Üblicherweise erfolgt die Schmerzausschaltung durch eine oder mehrere Injektionen eines örtlichen Betäubungsmittels.

Vor allem aber Angstpatienten sehen in der Vollnarkose häufig die beste Möglichkeit, die zahnärztlichen Sorgen loszuwerden.

Sowohl Narkose als auch Eingriff finden in unserer Praxis statt. Räumlichkeiten für "die Zeit danach" bieten wir ebenfalls und Sie bleiben unter ständiger Beobachtung und Betreuung, bis Sie sich von einer Person Ihrer Wahl nach Hause bringen lassen können. Durch den Einsatz moderner Anästhesiemethoden durch unseren professionellen Haus-Anästhesisten Dr. med. Jörn Hock ist bei uns die Vollnarkose als routiniertes Verfahren anzusehen.

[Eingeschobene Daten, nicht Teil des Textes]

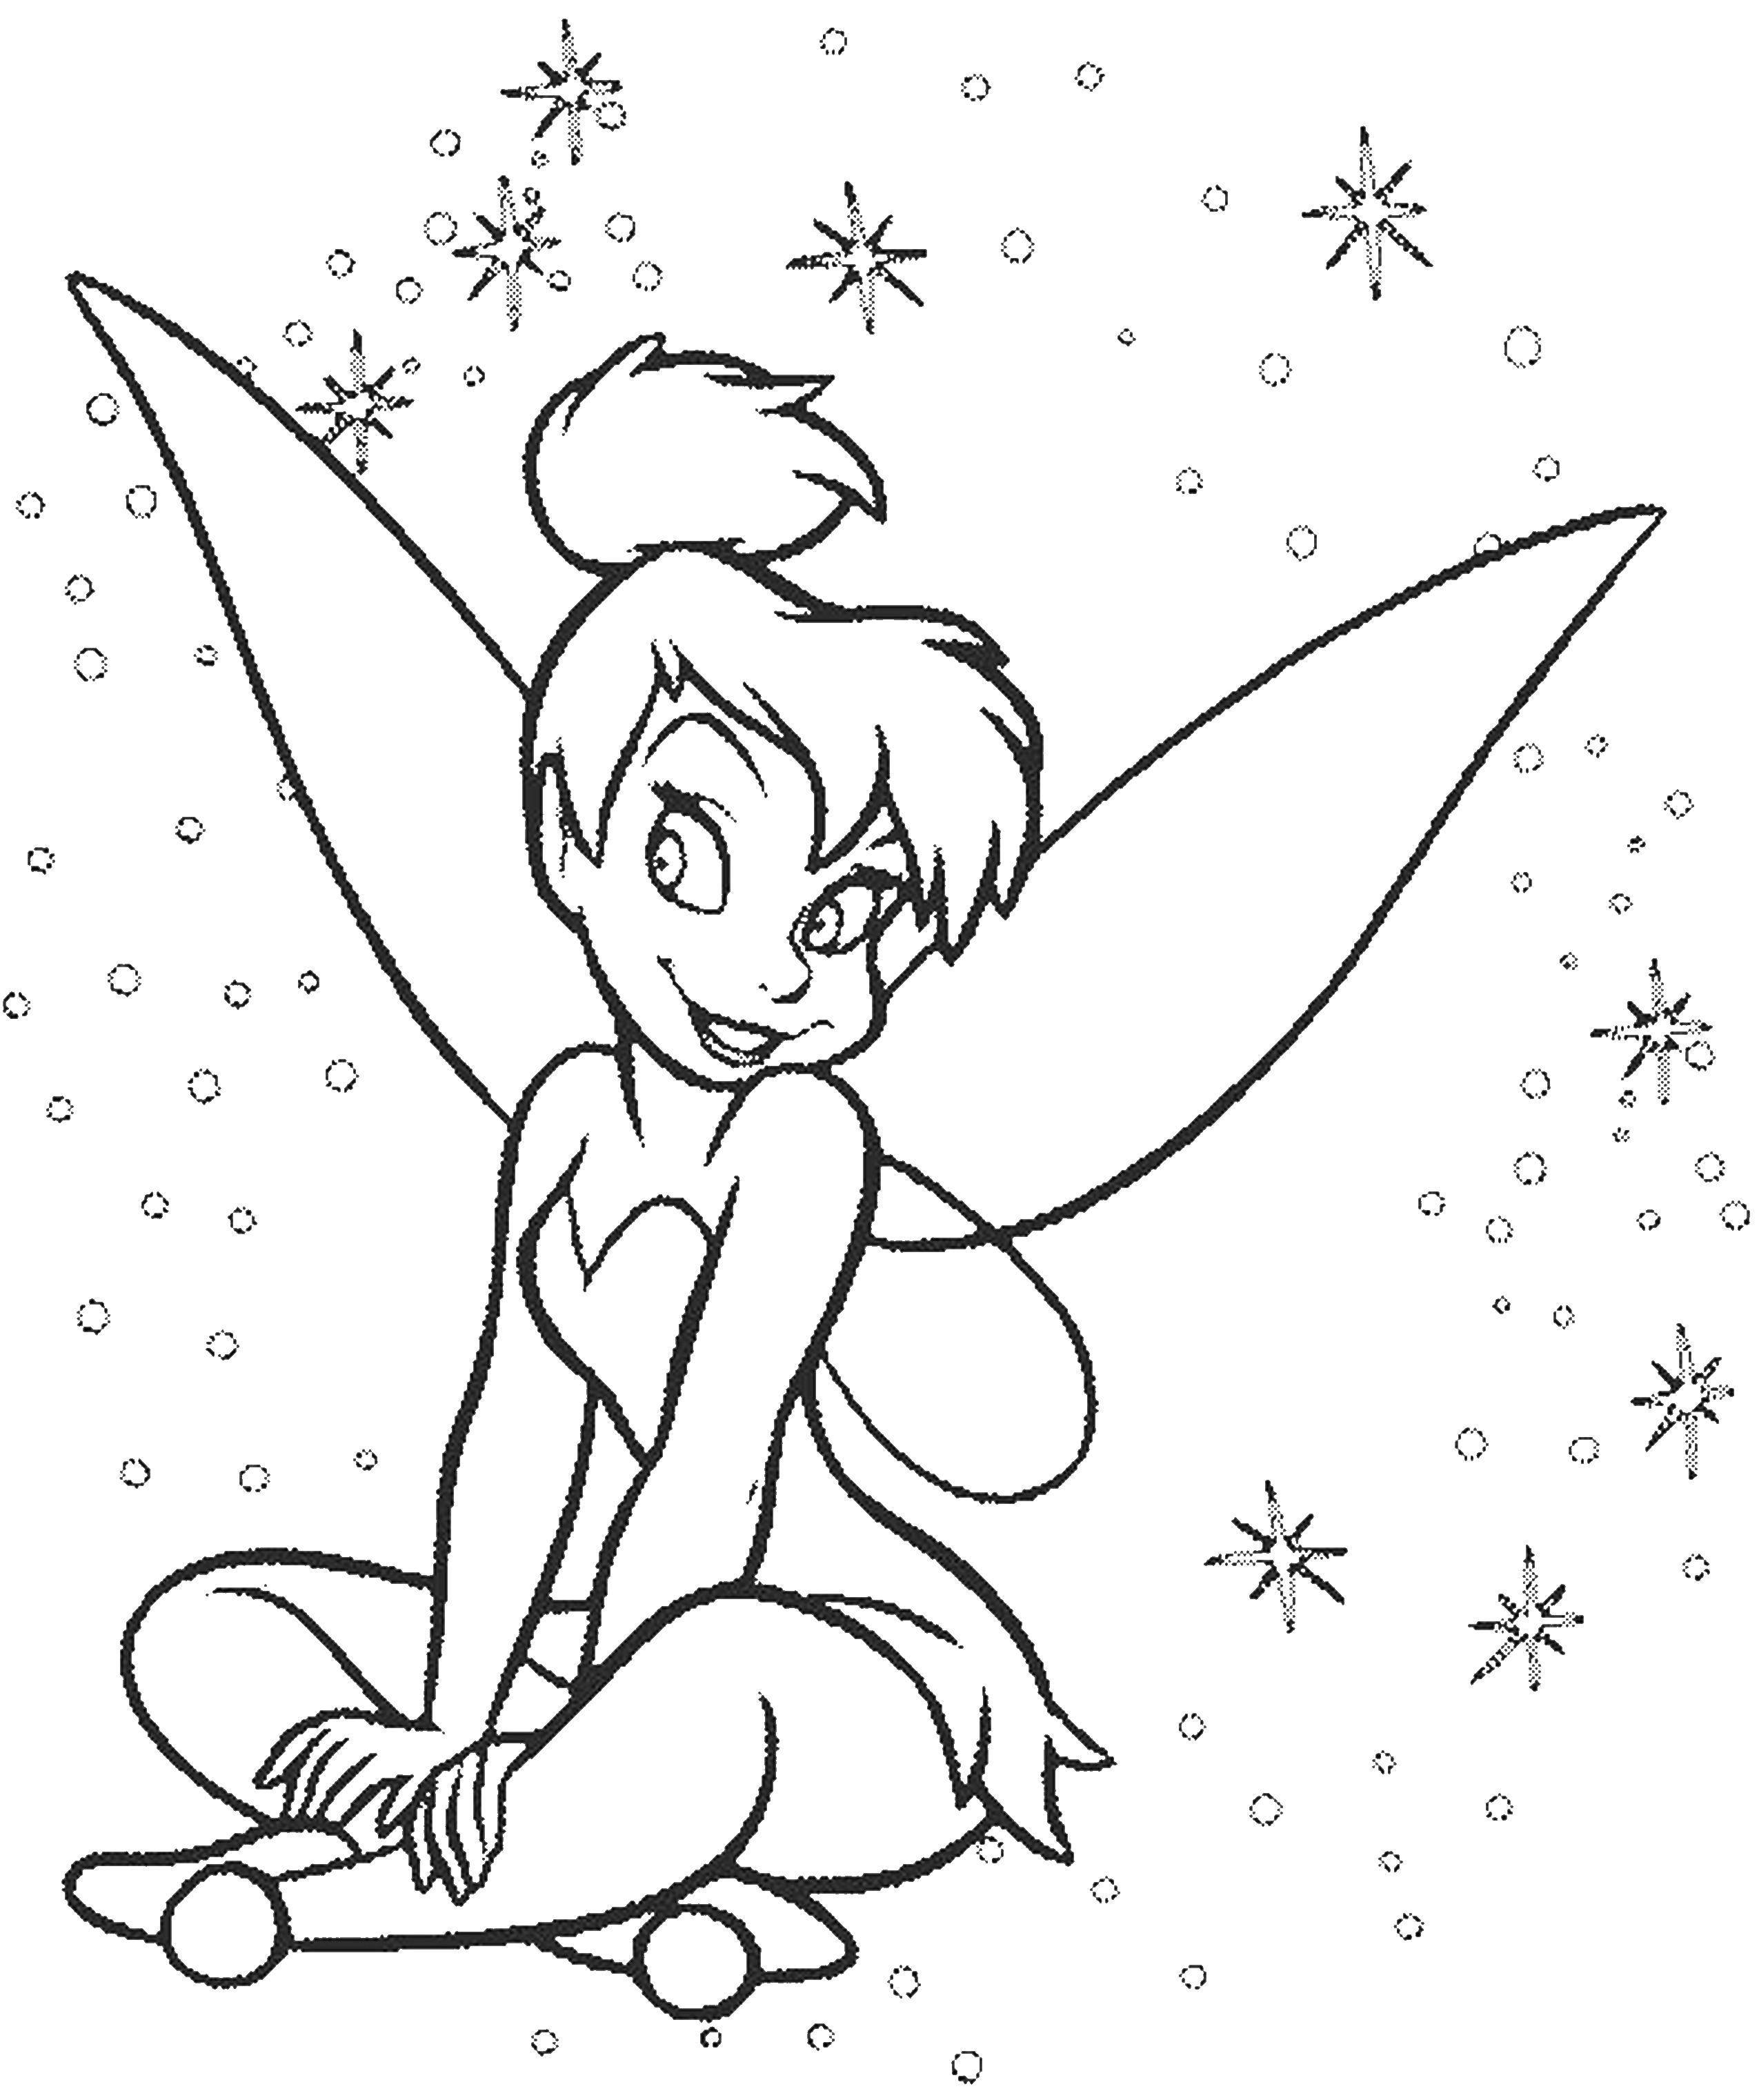 Coloring Sneaky fairy. Category fairies. Tags:  fairy, cunning.
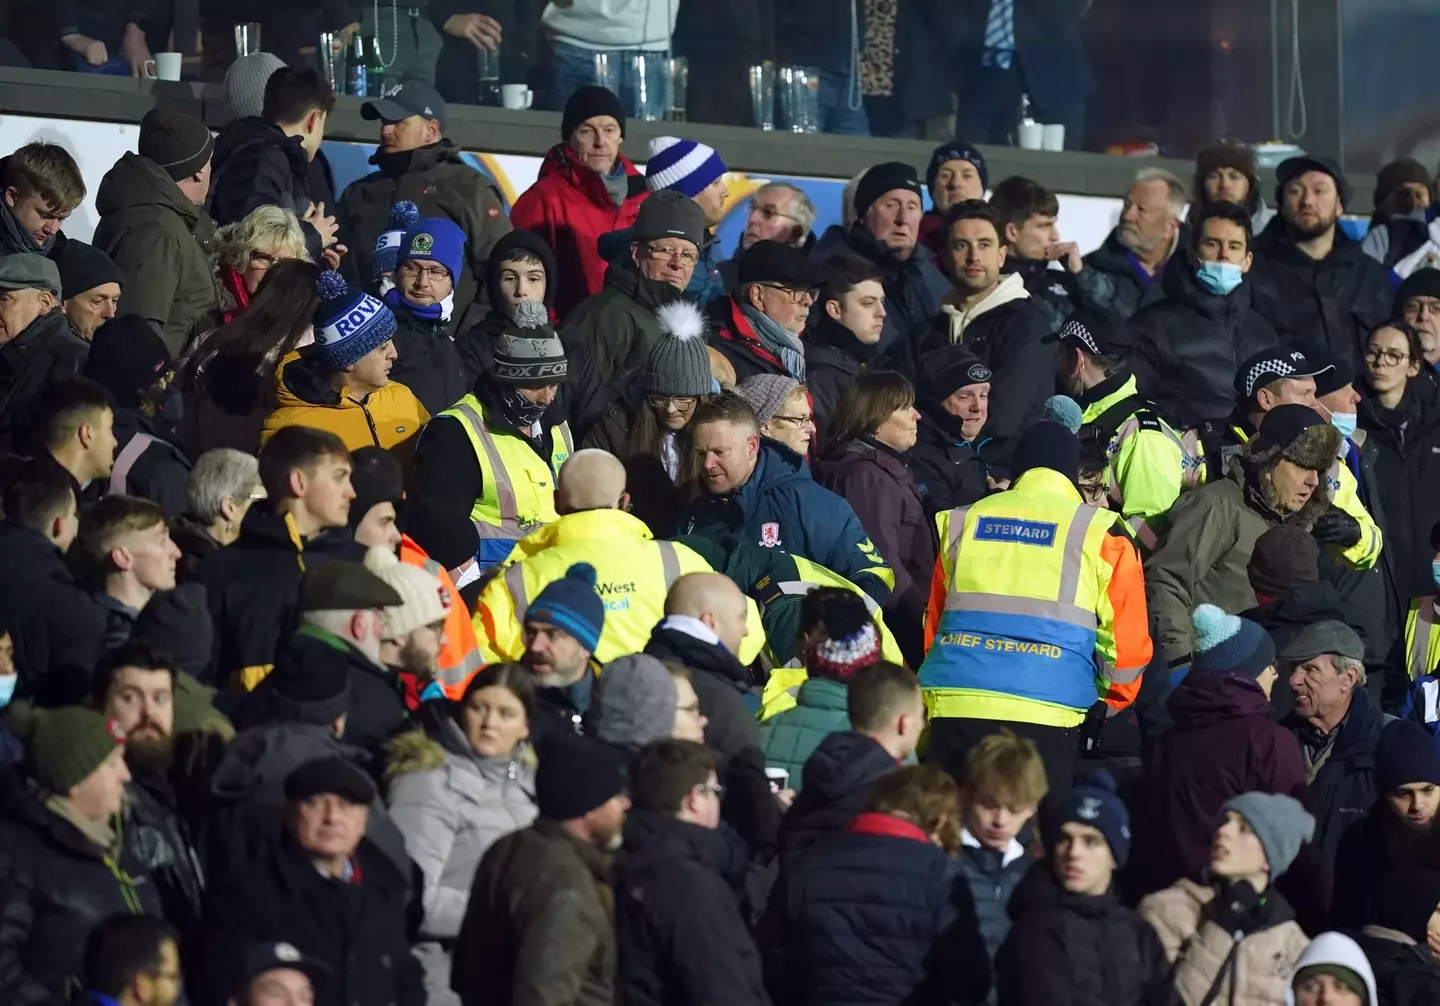 The elderly fan was treated in the stands and taken to hospital, where he is stable (Image: Alamy)

Alles, was Sie zur Behandlung unter Vollnarkose wissen und beachten sollten:

Vor der Festlegung eines Behandlungstermins findet eine ärztliche Abklärung bestehender Erkrankungen und Risiken durch den Narkosearzt statt. Dafür ist es notwendig, den Ihnen von uns ausgehändigten Fragebogen (Anamnesebogen) zu dem Beratungsgespräch mitzubringen. Sie können den Anamnesebogen auch hier herunterladen und in Ruhe zuhause ausfüllen. Der Narkosearzt bespricht mit Ihnen die für sie geeignete Methode zur Schmerzausschaltung und klärt Sie über mögliche Komplikationen auf. Anschließend wird ein schriftliches Einverständnis von Ihnen benötigt.

Unabdingbares:

  • Sechs Stunden vor Beginn der Narkose oder der Sedierung dürfen Sie keine Nahrungsmittel zu sich nehmen und nicht rauchen. Bis zu 4 Stunden vorher ist das Trinken klarer Flüssigkeit erlaubt.
  • Ziehen Sie bitte bequeme Kleidung an und lassen sie Schmuck- und Wertgegenstände zu Hause.
  • Nach der Behandlung werden Sie entlassen, wenn Sie wach und gehfähig sind und sich wohl fühlen. Eine Sie betreuende Person sollte sie nach Hause begleiten und eine Betreuung im häuslichen Bereich gewährleisten.
  • Nach der Behandlung dürfen sie nicht aktiv am öffentlichen Straßenverkehr teilnehmen (z. B. Auto- oder Fahrradfahren), komplizierte Maschinen bedienen, Verträge abschließen oder Alkohol zu sich nehmen.